Photo: The Mantis and the Grasshopper. I once gathered blue paint chips to make my own cyanometer to document the different colors of the sky. Now I think I’ll start collecting colors of  green. This week, I was struck by two different and spectacular shades.

A few years ago, I heard Wade Davis, the amazing writer, explorer, botanist, talk about what he’s learned about ethno-botany. He showed a film about a recent trip he’d made to South America, in which he asked indigenous women living there how they knew the proper quantities of  the many different plants making up Ayahuasca, the psychoactive brew used in psychedelic, ceremonial, or shamanic experiences. “The plants told us,” the women said, matter-of-factly. Which helped me understand how throughout the world and across time, indigenous people have ‘known’ which plants have which medicinal qualities, which don’t, and which are fatal if ingested. I’d always wondered if some dangerous system of ‘trial and error’ had occurred, stories from which have been passed down through generations. Which is such a disenchanted way to look at it.

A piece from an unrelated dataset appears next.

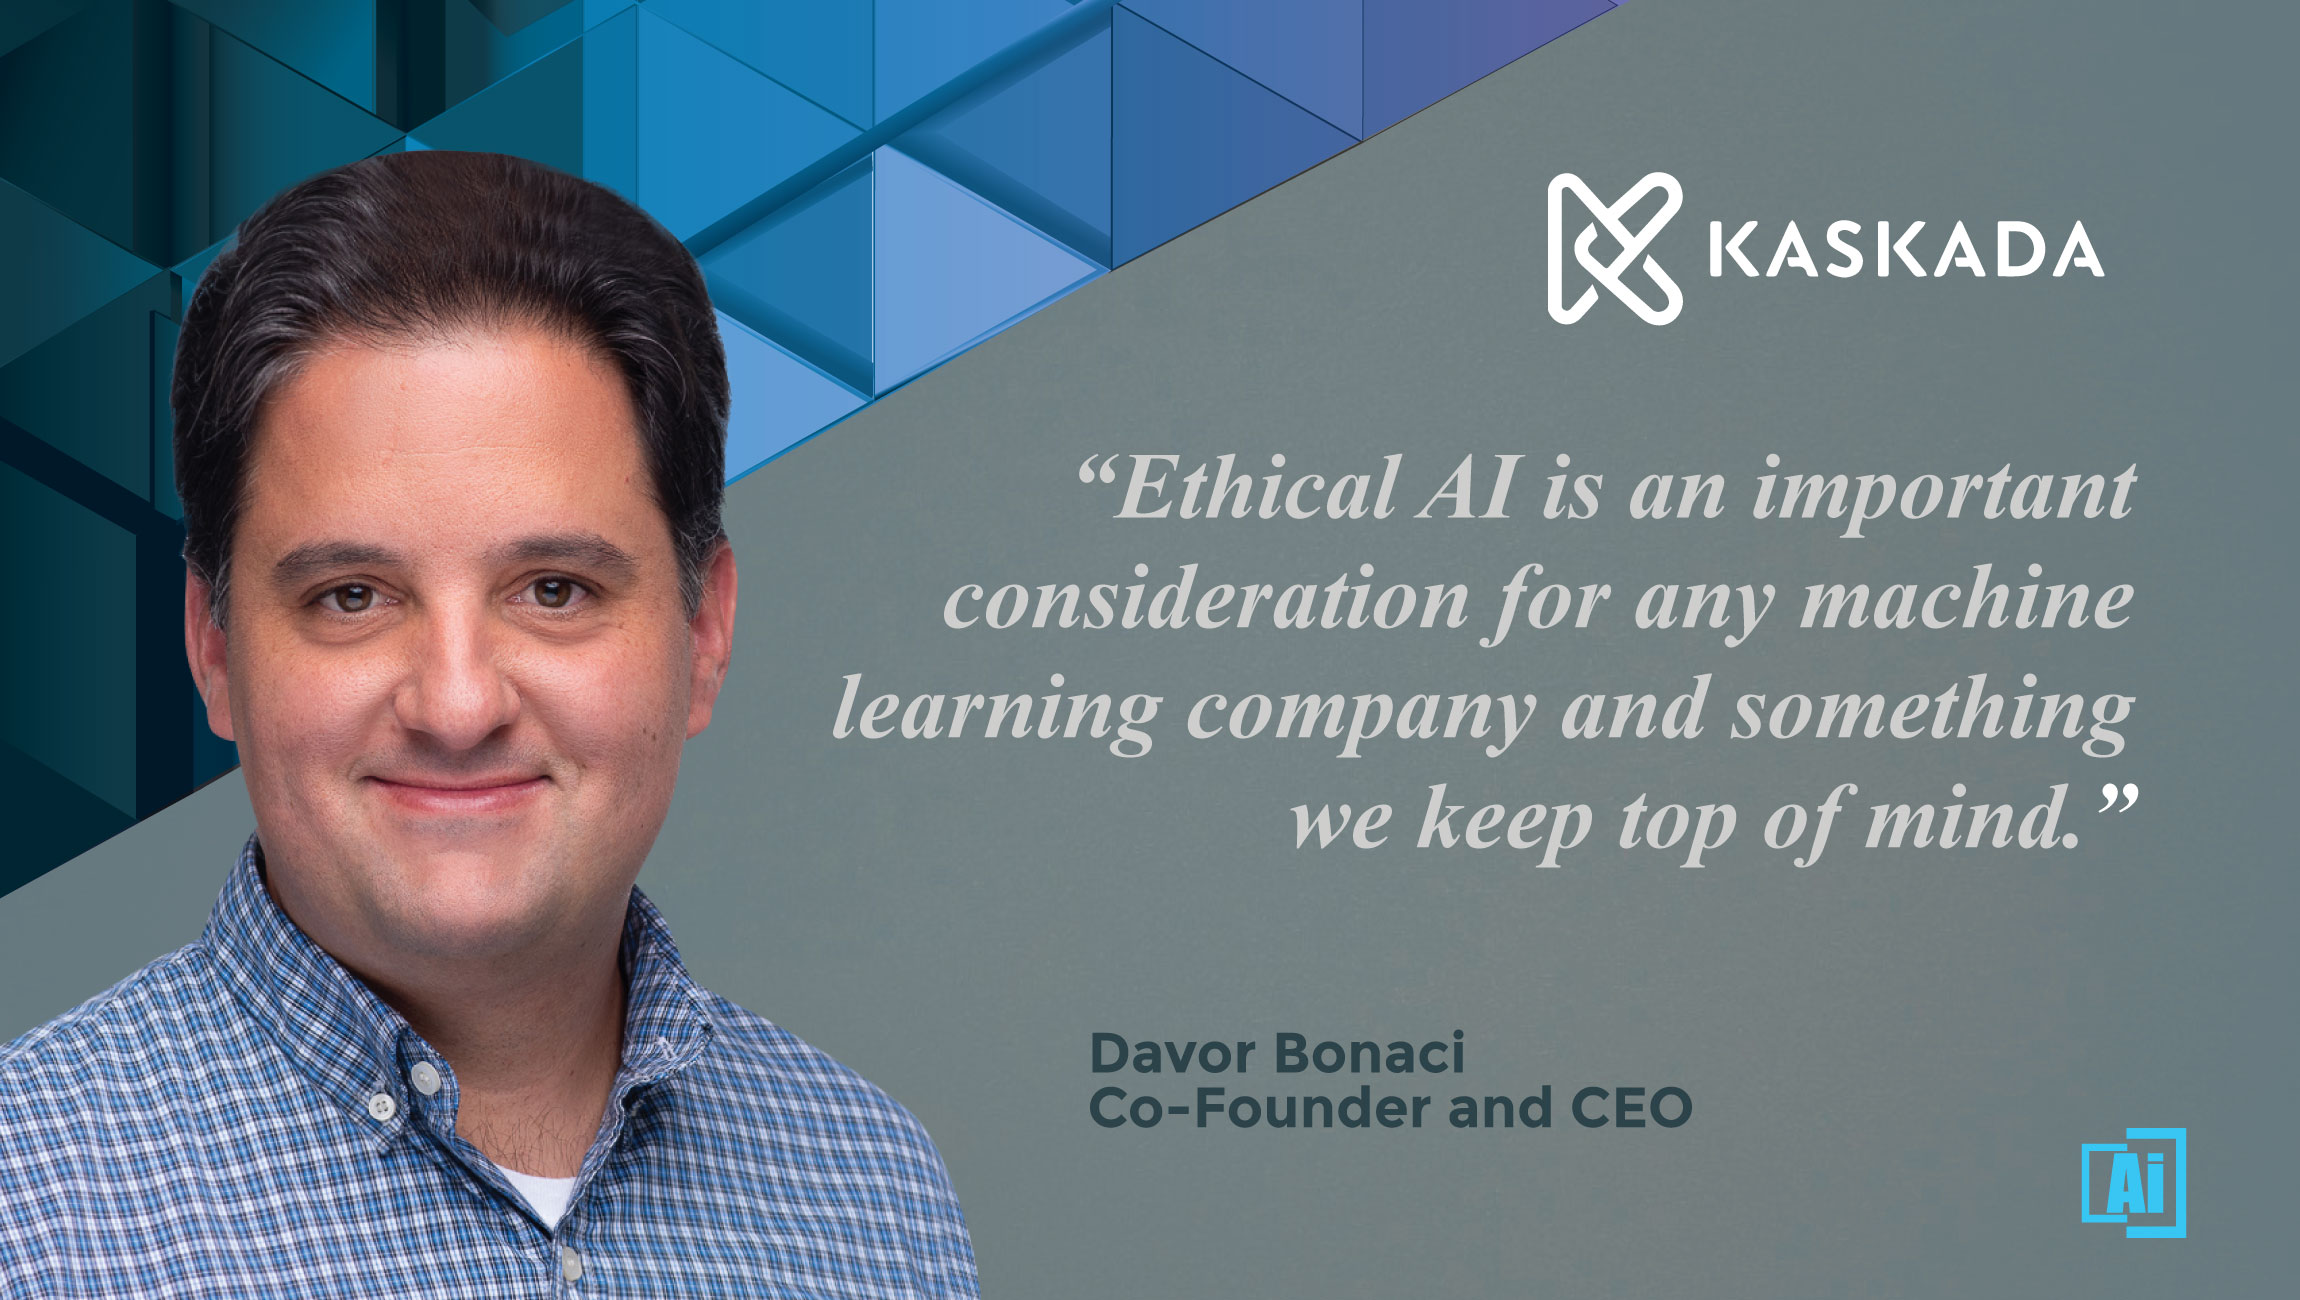 Davor Bonaci, CEO at Kaskada quotes

Take datura from the nightshade family. They’ve been used forever as medicine, for ritual intoxication, but also poison. I mean, really, how many people died figuring out that one? Turns out when approached spiritually, the datura must have let the practitioner know which part of the plant and in what quantity to use for which specific purpose. There are likely 10,000 examples like this of “Indigenous Knowledge” that might be beneficial to us as we’re forced to face the coming relentless impacts of our warming planet. I wonder if the term  “enchanted” minimizes the power and grace of the lives indigenous people lived and continue to live, the lives all of our ancestors lived for tens of thousands of generations until modernity dis-enchanted our world, not that many centuries ago. I’ll keep using  ‘enchanted’ (along with ‘re-enchanted’). For me it’s become synonymous with ‘evolutionary’, referring to the way our species evolved to live. Which suggests that our ‘evolving’  as successfully into our future, as we’ve done in our past, requires ‘enchantment’.